Whatever the term, it’s a valid point that most of us urban dwellers would benefit by being closer to our food sources. The juxtaposition of fertile soil churning out baby eggplants, gobs of heirloom tomatoes and a confounding ground cherry breed that tasted like a bursting pineapple with the nearby traffic noise was oddly comforting. In addition to their produce, sold mainly through CSA shares, Schultz also has a bakery, Black Paws, and can be found at the Midtown Farmer’s Market every Saturday.

The chickens produce beautifully pale green- and brown-shelled eggs.
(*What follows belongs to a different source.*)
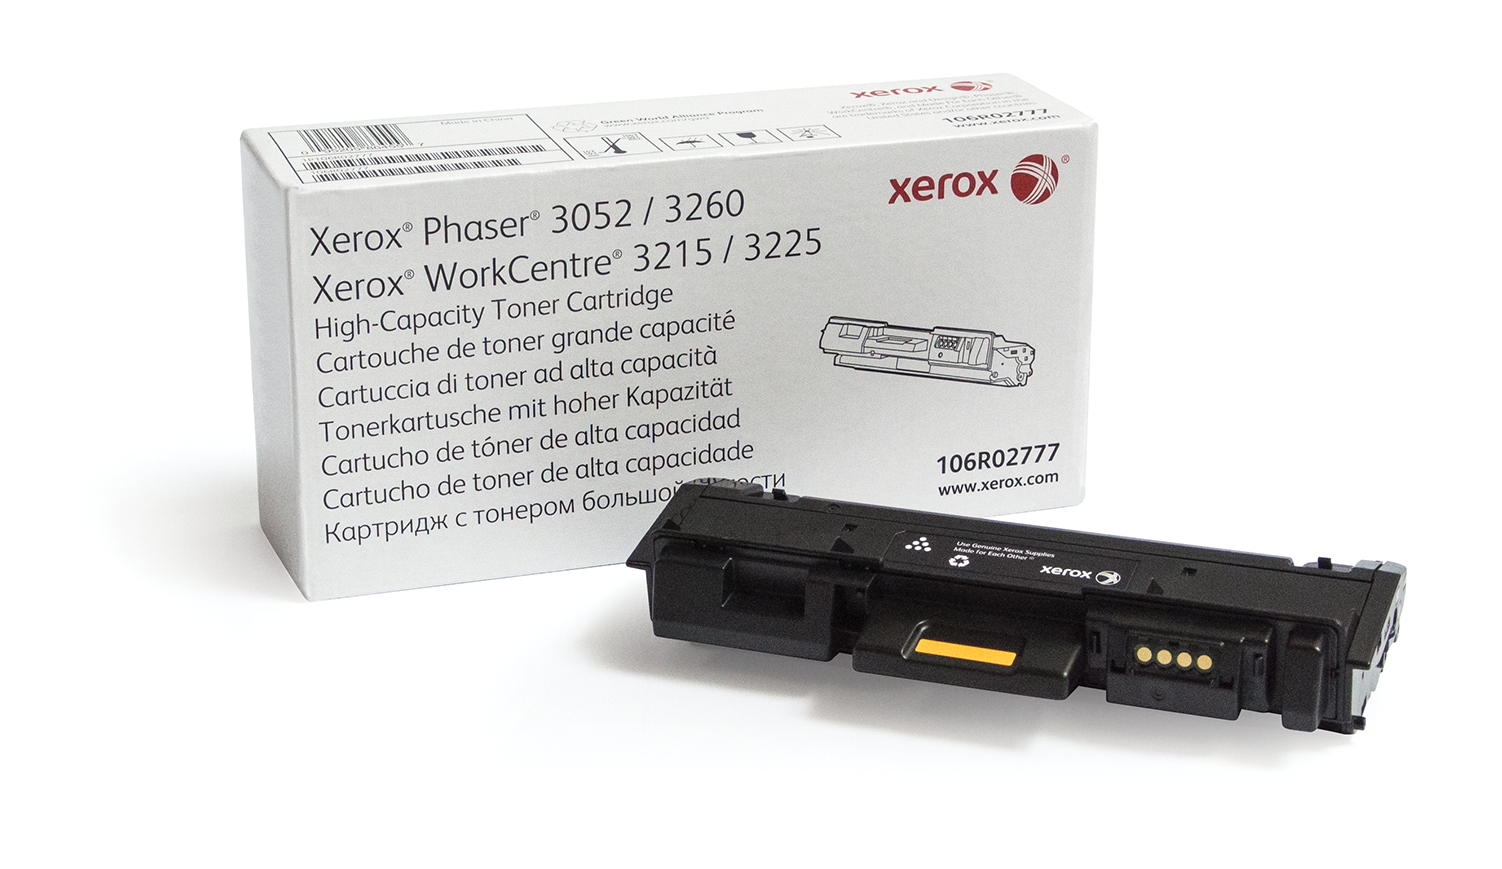 Phaser 3260 WorkCentre 3225 Cartucho tóner NEGRO gran capacidad (3000 págs)  106R02777 Genuine Xerox Supplies

Unfortunately, they were informed the day after I visited that due to zoning restrictions the birds would have to be relocated, a sad day for the farm.

From classes to a culinary CSA specializing in unique produce, Growing Lots will hopefully continue to expand and share their sustenance with a grateful neighborhood. To find out more, visit them on the Facebook pages for Growing Lots Urban Farm and Black Paws Community Supported Bakery.


Green Egg Basket

1/2 cabbage – chopped into strips
1/2 bundle of beet greens – chopped
1 -2 tsp cumin
2-4 eggs (depending how many you want)
handful of fresh chopped/shredded mozzarella
small handful of chopped basil

Saute the chopped cabbage and beet greens in a frying pan over medium heat with a little olive oil.
Sprinkle in the salt, pepper, and cumin to the mixture and saute for about 2 minutes or when it just starts to soften.
Shape the greens into two ‘baskets.’ So they look like little bird’s nests.
Crack the eggs into the baskets and sprinkle the mozzarella and basil over the top.
Cover the pan and let the steam cook the eggs until you liking.

Simplicity at it’s best. Yet so surprisingly delicious.